### THE DATA
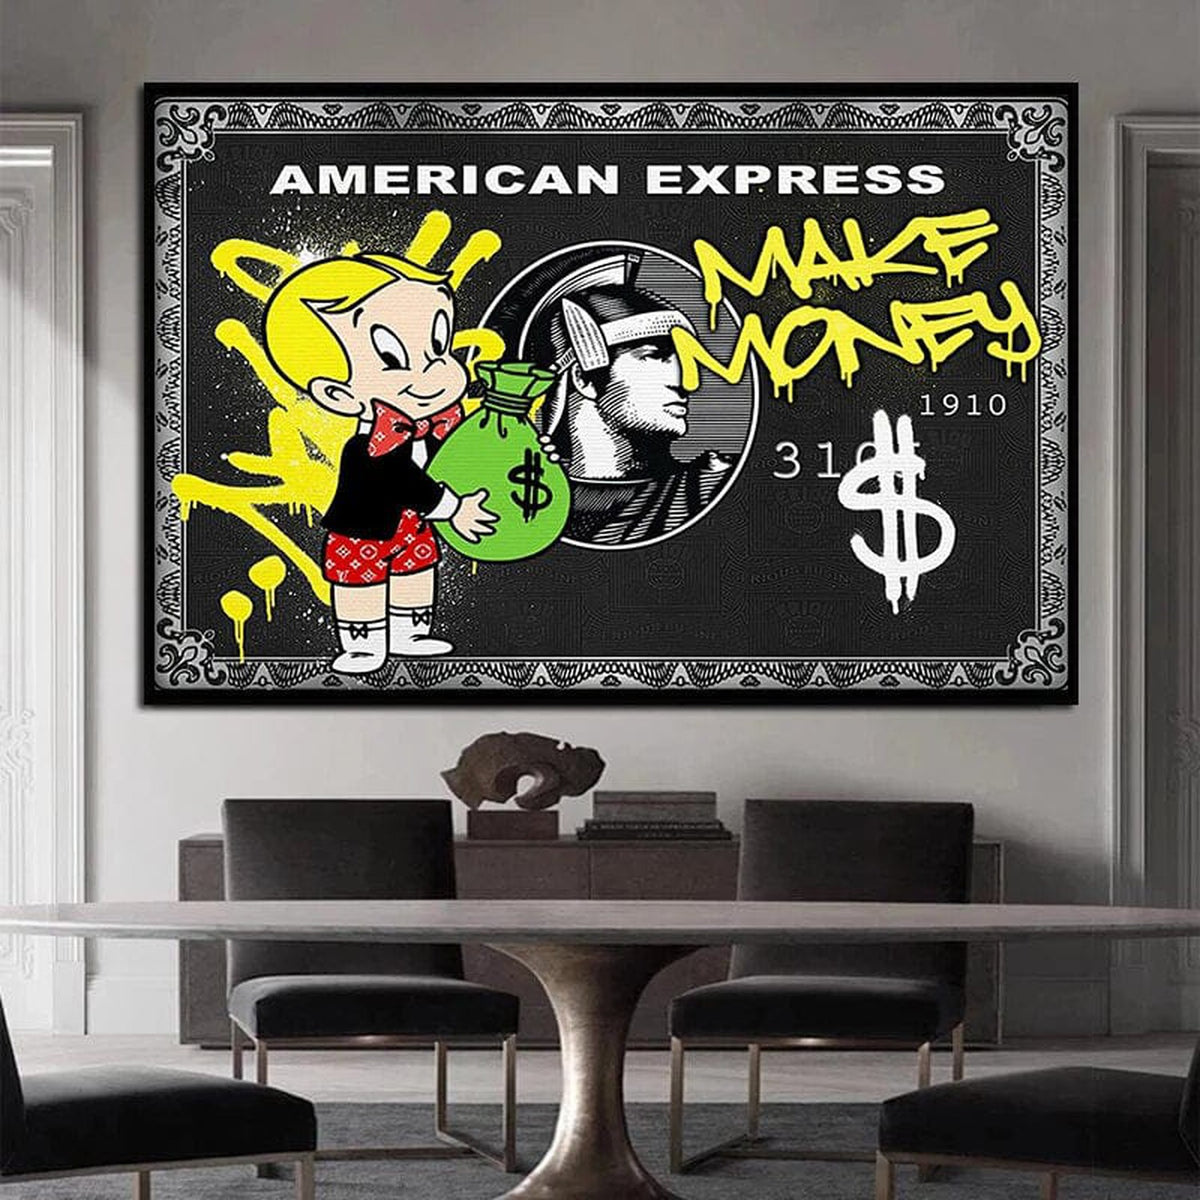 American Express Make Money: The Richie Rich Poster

==

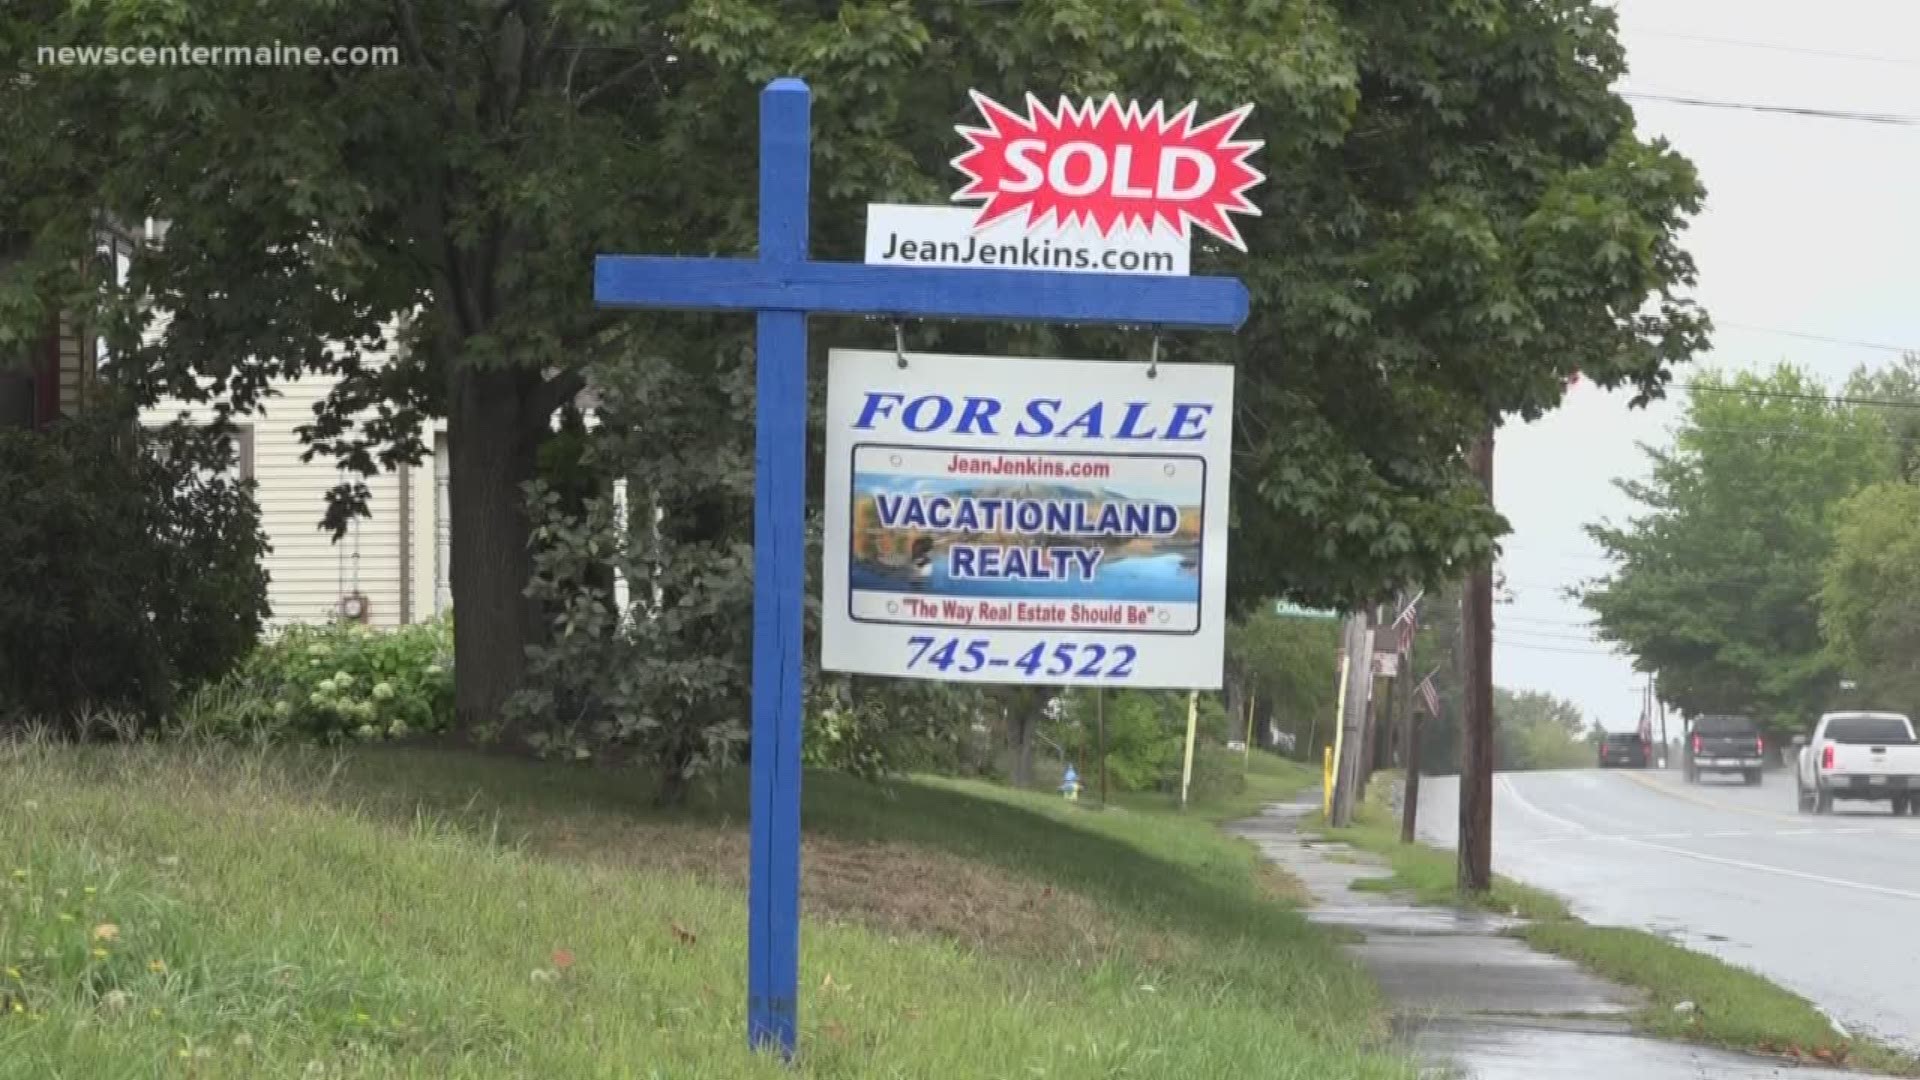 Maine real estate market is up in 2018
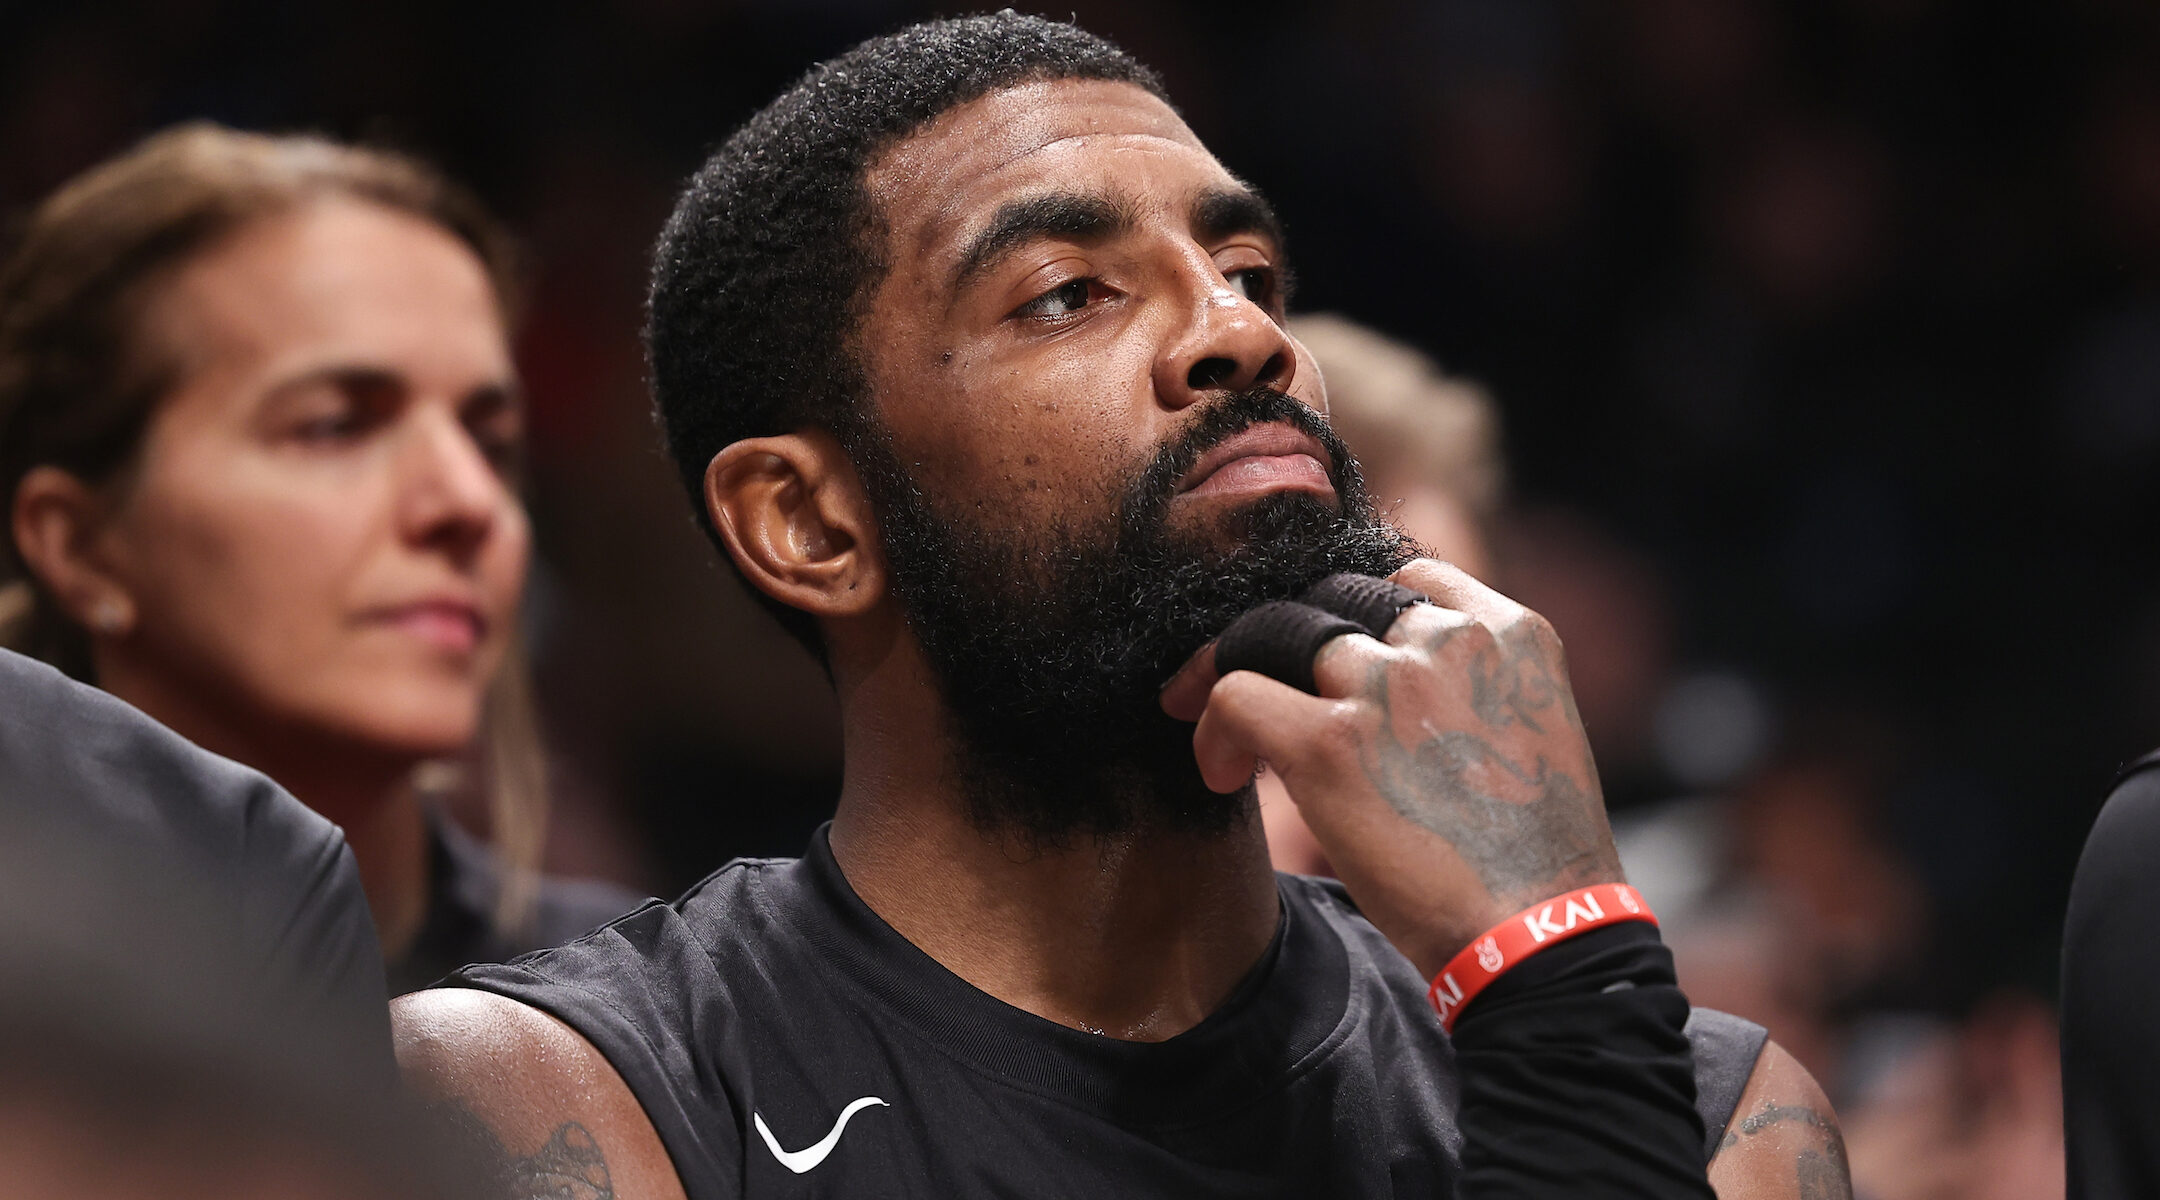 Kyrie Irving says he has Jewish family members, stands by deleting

### WORK TO COMPLETE
Working from the entries above, reproduce exactly and only the lines beginning with the line that has "Maine real estate market is up in 2018" and ending with the line that has "Kyrie Irving says"; omit all pictures.

### TASK OUTPUT
 Maine real estate market is up in 2018
 Kyrie Irving says he has Jewish family members, stands by deleting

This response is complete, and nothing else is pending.